Santa Claus brought me a very nice gift this year. He used his excellent connections with eBay and got me a Rigol DS1102E oscilloscope for Christmas! In my letter to him, I told him of the great reviews I’ve found on it; in particular several videos by Dave Jones of EEVblog and also the personal experience of Bill N2CQR as described in his SolderSmoke podcasts. Bill also has a video showing the DS1102 in action displaying a frequency sweep of a bandpass IF filter: “Sweeping a Filter with a FeelTech Sig Gen and a Rigol ‘scope.”
In a few SolderSmoke podcasts, Bill also talked about using the FFT (“fast-fourier transform”) feature on the Rigol’s math menu as a “good-enough” spectrum analyzer. That’s what sold me on the DS1102E.

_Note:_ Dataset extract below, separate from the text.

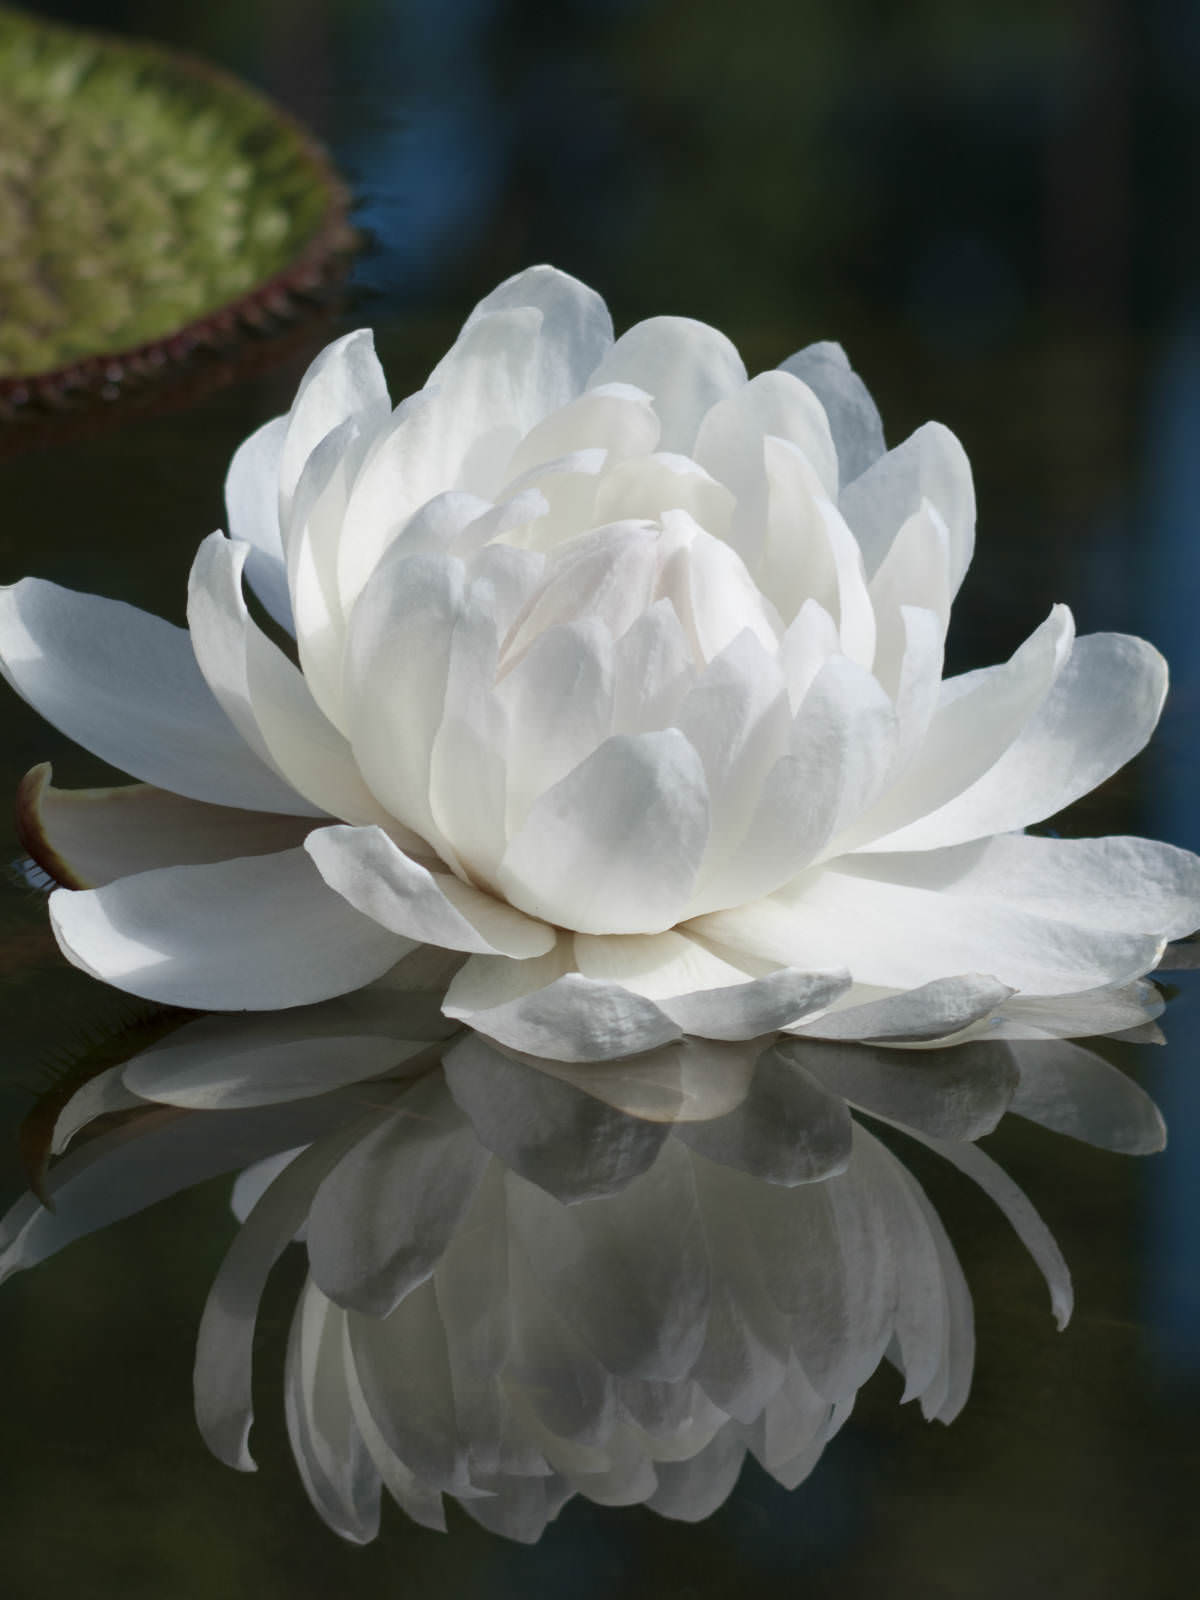 Victoria amazonica - Amazon Water Lily | World of Flowering Plants

After a quick trip to the local Fry’s Electronics to pick up a 10x scope probe (Santa forgot that), I gave my Rigol a little test using the built-in 1KHz square-wave generator that’s used to adjust the compensation capacitor in the probe. After adjusting the probe for nice sharp corners on the square wave with no over or under shoot, I turned on the FFT function.
I was delighted to find just what I expected in the spectral content of the square wave: pronounced peaks on each of the odd harmonics (1st, 3rd, 5th, etc.) and only a gradual decline in the amplitude of each. Here’s the screenshot made with another nice feature of the DS1102E: screen capture as a bmp file and savable to a USB drive.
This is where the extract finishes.